Here’s the code for file upload in PHP.

<?php
 
//If form submits successfully.
if($_SERVER["REQUEST_METHOD"] == "POST"){
    // If file uploads successfully
    if(isset($_FILES["photo"]) && $_FILES["photo"]["error"] == 0){
        $allowedFileTypes = array("jpg" => "image/jpg", "jpeg" => "image/jpeg", "gif" => "image/gif", "png" => "image/png", "plain" => "text/plain", "html" => "text/html", "csv" => "text/csv");
        $filename = $_FILES["photo"]["name"];
        $filetype = $_FILES["photo"]["type"];
        $filesize = $_FILES["photo"]["size"];
   
        // Get file extension
        $extension = pathinfo($filename, PATHINFO_EXTENSION);
 
        //Check if file extension is valid.
        if(!array_key_exists($extension, $allowedFileTypes)) {
           throw new Error("Invalid file Format");
        }
   
        // Verify file size - 25MB max.
        $maxsize = 25 * 1024 * 1024;
        if($filesize > $maxsize){
            throw new Error("The File size is larger than the allowed limit.");
        }
   
        // Verify The MIME type of the file.
        if(in_array($filetype, $allowedFileTypes)){
            // Check whether file exists before uploading it
            if(file_exists("upload/" . $filename)){
                echo $filename . " is already exists.";
            }
            else {
                move_uploaded_file($_FILES["photo"]["tmp_name"], "upload/" . $filename);
                echo "Upload successful";
            }
        }
        //If not a valid MIME type
        else{
            throw new Error("Invalid file format");
        }
    }
    //If file fails to upload
    else{
        echo "Error: " . $_FILES["photo"]["error"];
    }
}
//If form fails to submit
else {
    throw new Error("Form submission failed");
}
?>

This article will demonstrate step-by-step how to upload files using PHP.

Step 1 | Configure the “php.ini” File Settings

To upload a file using PHP, first, we need to configure some key settings in the php.ini file. You can learn more about finding the PHP.ini file here.

PHP.ini | file_uploads

Open the php.ini file on your computer. Ensure the value of the file_uploads is On, as shown in the image below.

PHP File Upload Save
Enable File Upload

If the file_uploads value is off, then the uploading process will fail.

PHP.ini | upload_max_filesize

Next, we need to set the maximum file size in the php.ini file. If the maximum file size is less than the file we upload, we will get an error uploading the file. We can set desired maximum file size in the php.ini shown in the image below.

PHP File Upload Save
Change File Max Size

Step 2 | Create an HTML Form 

Let’s create an HTML form to upload a file using HTTP POST.

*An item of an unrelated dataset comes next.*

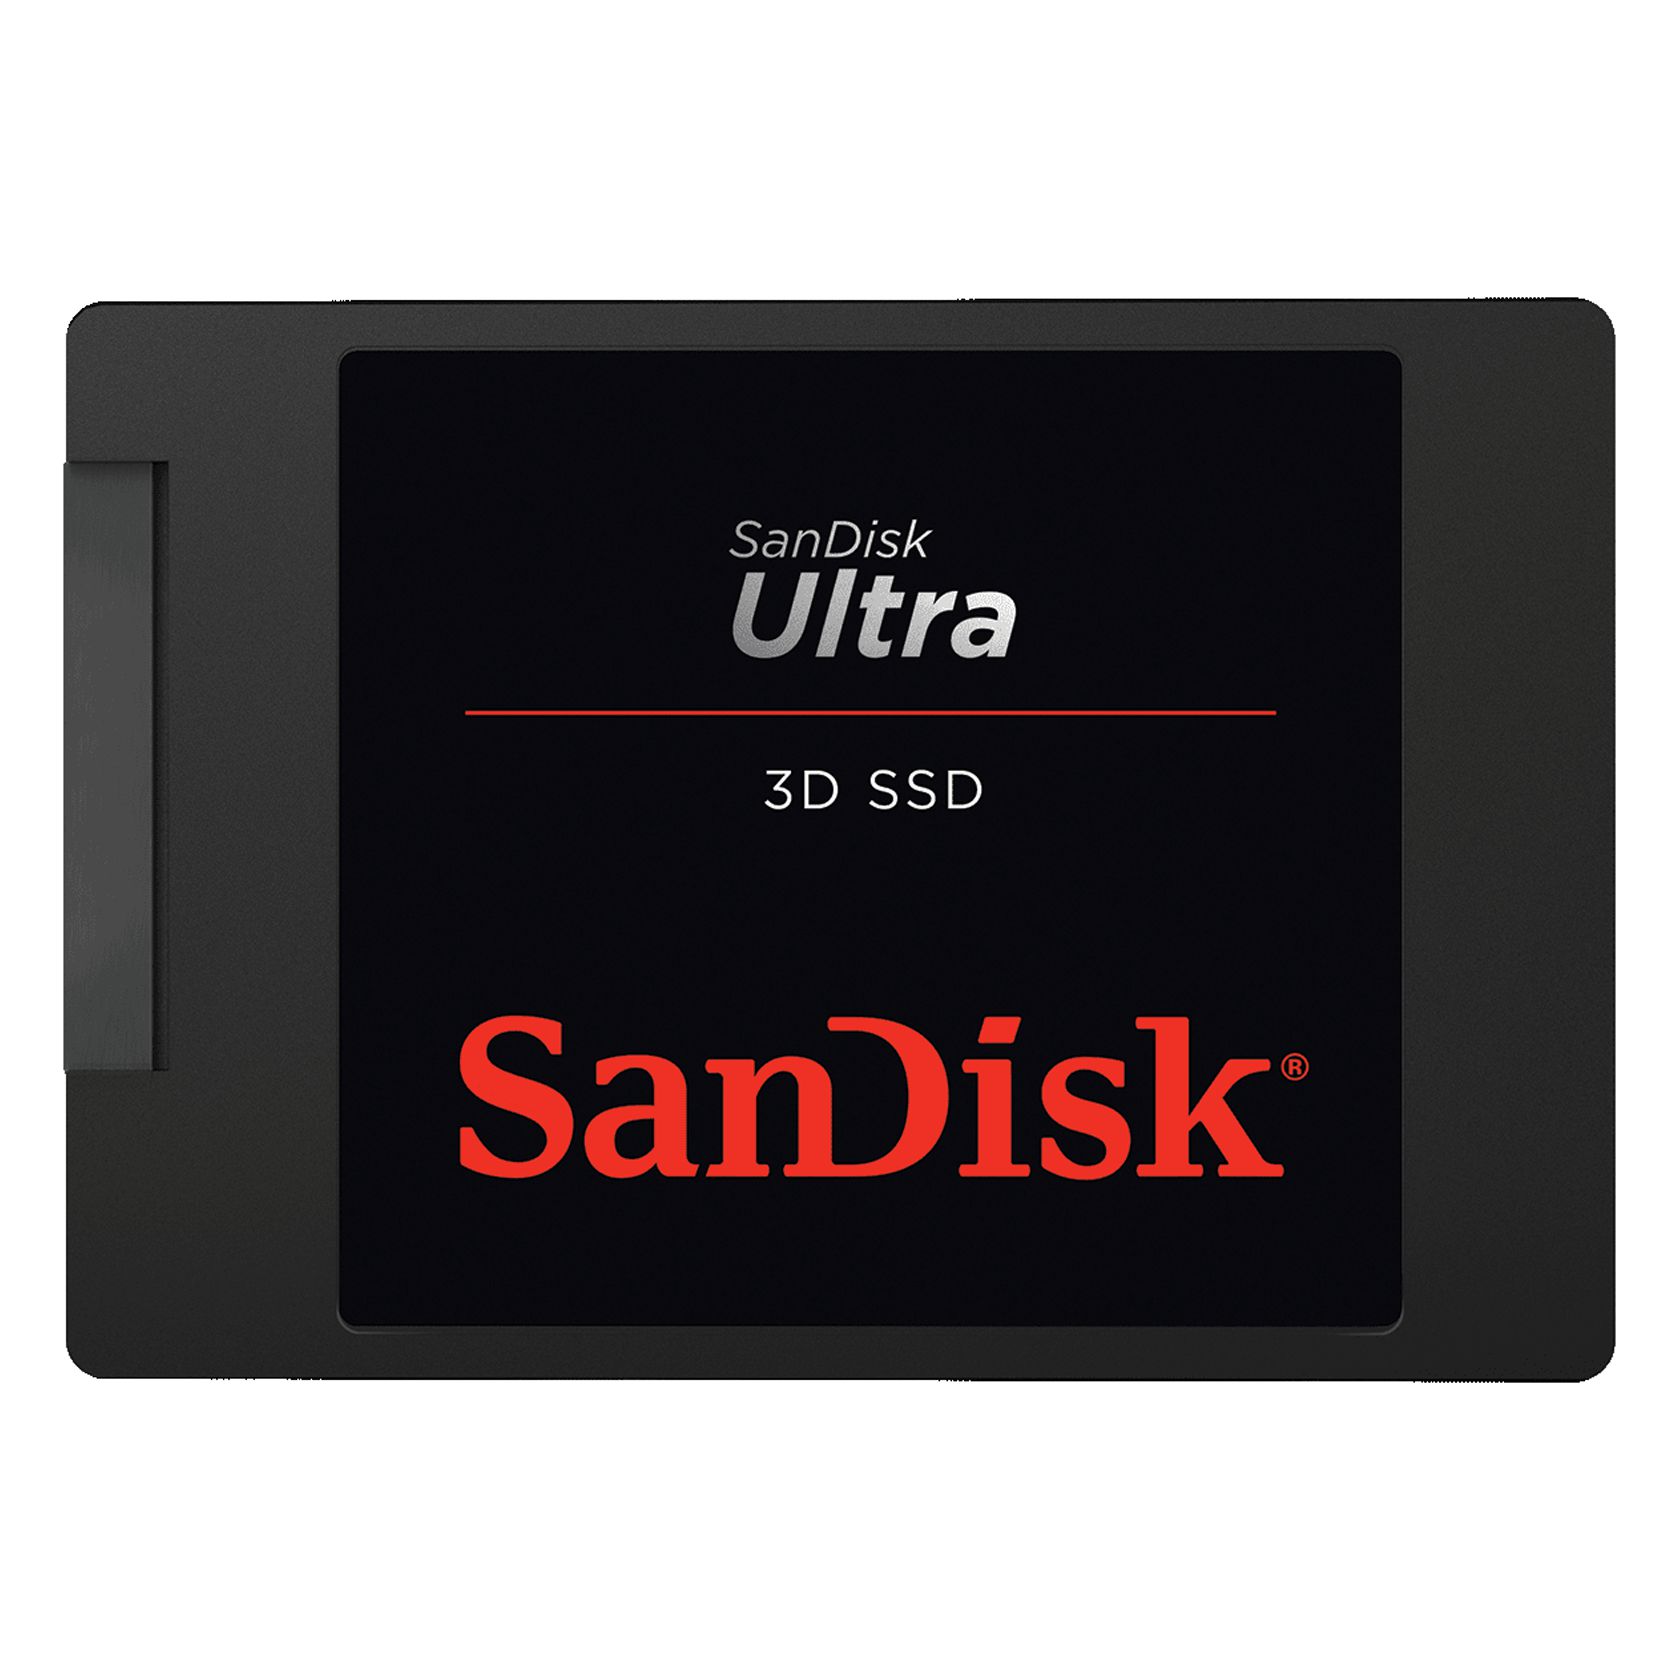 SanDisk 500GB Ultra 3D NAND SSD, Internal Solid State Drive - SDSSDH3-500G-G25 - image 2 of 5

The following code creates an HTML form that allows users to upload a file.

HTML Form Example

<!DOCTYPE html>
<html lang="en">
<head>
    <meta charset="UTF-8">
    <title>File Upload Form</title>
</head>
<body>
    <form action="upload-manager.php" method="post" enctype="multipart/form-data">
        <h2>Upload File</h2>
        <label for="fileSelect">Filename:</label>
        <input type="file" name="photo" id="fileSelect">
        <input type="submit" name="submit" value="Upload">
        <p><strong>Note:</strong> Only .txt .jpg, .jpeg, .gif, .png formats are allowed to a max size of 15 MB.</p>
    </form>
</body>
</html>

Output

The above HTML code creates an HTML form, as shown in the image below.

PHP File Upload Save
HTML Form

The above HTML form has a method attribute set to post, and the enctype is to the multipart/form data.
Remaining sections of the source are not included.